Records excerpted from a collection:

○ ○ ○

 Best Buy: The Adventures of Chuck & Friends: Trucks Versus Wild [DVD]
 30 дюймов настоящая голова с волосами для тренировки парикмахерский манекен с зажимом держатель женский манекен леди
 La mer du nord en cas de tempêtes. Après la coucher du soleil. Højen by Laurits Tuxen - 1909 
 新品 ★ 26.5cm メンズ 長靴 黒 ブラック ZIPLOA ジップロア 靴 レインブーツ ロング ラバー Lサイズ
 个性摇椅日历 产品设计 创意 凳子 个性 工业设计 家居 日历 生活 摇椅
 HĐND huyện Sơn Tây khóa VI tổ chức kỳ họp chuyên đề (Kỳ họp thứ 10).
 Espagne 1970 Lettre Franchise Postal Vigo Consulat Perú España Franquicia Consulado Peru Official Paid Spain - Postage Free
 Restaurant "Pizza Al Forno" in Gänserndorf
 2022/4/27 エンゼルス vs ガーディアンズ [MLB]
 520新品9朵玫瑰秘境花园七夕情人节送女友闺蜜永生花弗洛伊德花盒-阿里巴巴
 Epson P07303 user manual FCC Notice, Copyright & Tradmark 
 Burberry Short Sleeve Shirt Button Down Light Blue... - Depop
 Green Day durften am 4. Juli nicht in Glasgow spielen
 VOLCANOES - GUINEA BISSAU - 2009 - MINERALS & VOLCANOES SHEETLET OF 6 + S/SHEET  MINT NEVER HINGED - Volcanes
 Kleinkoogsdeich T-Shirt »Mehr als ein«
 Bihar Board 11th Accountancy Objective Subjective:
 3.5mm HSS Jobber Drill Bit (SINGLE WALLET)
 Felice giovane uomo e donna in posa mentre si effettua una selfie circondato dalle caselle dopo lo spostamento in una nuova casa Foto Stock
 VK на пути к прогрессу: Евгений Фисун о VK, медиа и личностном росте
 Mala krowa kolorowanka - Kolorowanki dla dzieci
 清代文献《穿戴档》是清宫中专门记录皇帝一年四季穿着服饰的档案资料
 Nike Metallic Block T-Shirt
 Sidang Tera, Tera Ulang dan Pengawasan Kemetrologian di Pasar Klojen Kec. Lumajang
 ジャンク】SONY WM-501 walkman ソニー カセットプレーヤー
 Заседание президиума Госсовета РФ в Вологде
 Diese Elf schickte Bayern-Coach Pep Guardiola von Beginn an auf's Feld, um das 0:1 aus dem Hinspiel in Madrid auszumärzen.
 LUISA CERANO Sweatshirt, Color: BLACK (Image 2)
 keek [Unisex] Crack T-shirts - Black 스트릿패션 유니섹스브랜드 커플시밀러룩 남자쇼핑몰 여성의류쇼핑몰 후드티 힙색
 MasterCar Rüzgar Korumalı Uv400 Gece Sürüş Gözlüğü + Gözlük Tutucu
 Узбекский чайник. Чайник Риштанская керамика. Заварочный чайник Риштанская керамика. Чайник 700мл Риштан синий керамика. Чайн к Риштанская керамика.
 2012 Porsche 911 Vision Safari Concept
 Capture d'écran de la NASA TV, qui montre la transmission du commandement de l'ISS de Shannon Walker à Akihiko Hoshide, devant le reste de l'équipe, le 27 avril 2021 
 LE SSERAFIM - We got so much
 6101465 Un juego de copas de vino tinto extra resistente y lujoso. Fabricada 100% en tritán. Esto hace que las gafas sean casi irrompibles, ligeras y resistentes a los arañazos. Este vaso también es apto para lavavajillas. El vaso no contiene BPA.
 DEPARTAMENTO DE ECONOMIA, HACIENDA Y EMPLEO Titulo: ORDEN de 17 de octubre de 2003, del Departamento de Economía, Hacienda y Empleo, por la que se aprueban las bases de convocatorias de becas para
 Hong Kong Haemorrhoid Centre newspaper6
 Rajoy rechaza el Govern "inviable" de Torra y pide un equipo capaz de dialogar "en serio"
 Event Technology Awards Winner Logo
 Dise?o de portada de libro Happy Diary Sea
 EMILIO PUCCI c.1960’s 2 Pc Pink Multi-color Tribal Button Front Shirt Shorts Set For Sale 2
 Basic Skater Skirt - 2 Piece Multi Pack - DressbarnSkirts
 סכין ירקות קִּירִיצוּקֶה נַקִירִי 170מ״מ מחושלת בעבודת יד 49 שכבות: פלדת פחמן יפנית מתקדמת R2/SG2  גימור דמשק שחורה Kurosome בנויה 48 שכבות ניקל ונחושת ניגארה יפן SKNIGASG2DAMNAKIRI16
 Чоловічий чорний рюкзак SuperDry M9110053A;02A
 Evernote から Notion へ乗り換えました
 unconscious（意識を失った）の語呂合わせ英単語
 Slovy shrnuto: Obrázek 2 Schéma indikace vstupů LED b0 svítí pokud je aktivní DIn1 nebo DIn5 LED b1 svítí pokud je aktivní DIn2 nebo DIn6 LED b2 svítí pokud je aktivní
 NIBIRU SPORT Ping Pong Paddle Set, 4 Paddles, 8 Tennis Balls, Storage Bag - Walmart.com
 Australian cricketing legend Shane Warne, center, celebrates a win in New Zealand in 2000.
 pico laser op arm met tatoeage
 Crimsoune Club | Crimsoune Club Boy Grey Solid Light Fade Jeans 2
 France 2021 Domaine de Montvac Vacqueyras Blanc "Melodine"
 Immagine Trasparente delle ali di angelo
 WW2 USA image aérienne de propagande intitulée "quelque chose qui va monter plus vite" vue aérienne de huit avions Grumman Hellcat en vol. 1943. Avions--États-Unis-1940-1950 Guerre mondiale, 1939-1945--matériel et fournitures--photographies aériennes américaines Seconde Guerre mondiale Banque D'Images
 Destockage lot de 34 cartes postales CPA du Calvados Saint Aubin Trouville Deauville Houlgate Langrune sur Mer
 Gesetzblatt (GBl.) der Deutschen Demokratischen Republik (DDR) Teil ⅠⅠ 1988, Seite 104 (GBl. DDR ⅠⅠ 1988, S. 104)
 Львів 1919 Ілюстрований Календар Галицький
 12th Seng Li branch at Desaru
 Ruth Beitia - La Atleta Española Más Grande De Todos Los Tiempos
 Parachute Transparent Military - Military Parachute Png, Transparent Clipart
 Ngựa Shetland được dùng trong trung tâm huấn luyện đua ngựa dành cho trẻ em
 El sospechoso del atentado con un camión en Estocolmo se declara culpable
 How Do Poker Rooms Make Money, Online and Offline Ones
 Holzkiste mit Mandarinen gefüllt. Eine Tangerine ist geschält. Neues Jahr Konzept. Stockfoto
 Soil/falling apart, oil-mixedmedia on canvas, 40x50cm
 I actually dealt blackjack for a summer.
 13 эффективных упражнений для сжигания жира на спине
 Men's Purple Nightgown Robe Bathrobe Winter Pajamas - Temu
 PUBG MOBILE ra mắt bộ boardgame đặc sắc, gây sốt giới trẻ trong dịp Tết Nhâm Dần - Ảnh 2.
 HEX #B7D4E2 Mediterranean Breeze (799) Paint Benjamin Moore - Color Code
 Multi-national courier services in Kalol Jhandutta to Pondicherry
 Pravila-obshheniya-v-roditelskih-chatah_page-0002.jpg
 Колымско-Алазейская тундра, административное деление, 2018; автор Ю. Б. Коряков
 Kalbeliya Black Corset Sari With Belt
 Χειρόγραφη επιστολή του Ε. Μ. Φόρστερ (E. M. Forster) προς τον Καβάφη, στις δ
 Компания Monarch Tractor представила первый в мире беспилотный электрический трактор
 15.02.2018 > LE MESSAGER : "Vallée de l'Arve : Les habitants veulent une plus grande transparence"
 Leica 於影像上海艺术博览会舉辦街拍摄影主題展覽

○ ○ ○

Task directions:
Extract from the records above the lines from the one containing "VOLCANOES - GUINEA" to the one containing "LE SSERAFIM - We got so much", both lines included, exactly as they appear and with nothing else.

Solution:
 VOLCANOES - GUINEA BISSAU - 2009 - MINERALS & VOLCANOES SHEETLET OF 6 + S/SHEET  MINT NEVER HINGED - Volcanes
 Kleinkoogsdeich T-Shirt »Mehr als ein«
 Bihar Board 11th Accountancy Objective Subjective:
 3.5mm HSS Jobber Drill Bit (SINGLE WALLET)
 Felice giovane uomo e donna in posa mentre si effettua una selfie circondato dalle caselle dopo lo spostamento in una nuova casa Foto Stock
 VK на пути к прогрессу: Евгений Фисун о VK, медиа и личностном росте
 Mala krowa kolorowanka - Kolorowanki dla dzieci
 清代文献《穿戴档》是清宫中专门记录皇帝一年四季穿着服饰的档案资料
 Nike Metallic Block T-Shirt
 Sidang Tera, Tera Ulang dan Pengawasan Kemetrologian di Pasar Klojen Kec. Lumajang
 ジャンク】SONY WM-501 walkman ソニー カセットプレーヤー
 Заседание президиума Госсовета РФ в Вологде
 Diese Elf schickte Bayern-Coach Pep Guardiola von Beginn an auf's Feld, um das 0:1 aus dem Hinspiel in Madrid auszumärzen.
 LUISA CERANO Sweatshirt, Color: BLACK (Image 2)
 keek [Unisex] Crack T-shirts - Black 스트릿패션 유니섹스브랜드 커플시밀러룩 남자쇼핑몰 여성의류쇼핑몰 후드티 힙색
 MasterCar Rüzgar Korumalı Uv400 Gece Sürüş Gözlüğü + Gözlük Tutucu
 Узбекский чайник. Чайник Риштанская керамика. Заварочный чайник Риштанская керамика. Чайник 700мл Риштан синий керамика. Чайн к Риштанская керамика.
 2012 Porsche 911 Vision Safari Concept
 Capture d'écran de la NASA TV, qui montre la transmission du commandement de l'ISS de Shannon Walker à Akihiko Hoshide, devant le reste de l'équipe, le 27 avril 2021 
 LE SSERAFIM - We got so much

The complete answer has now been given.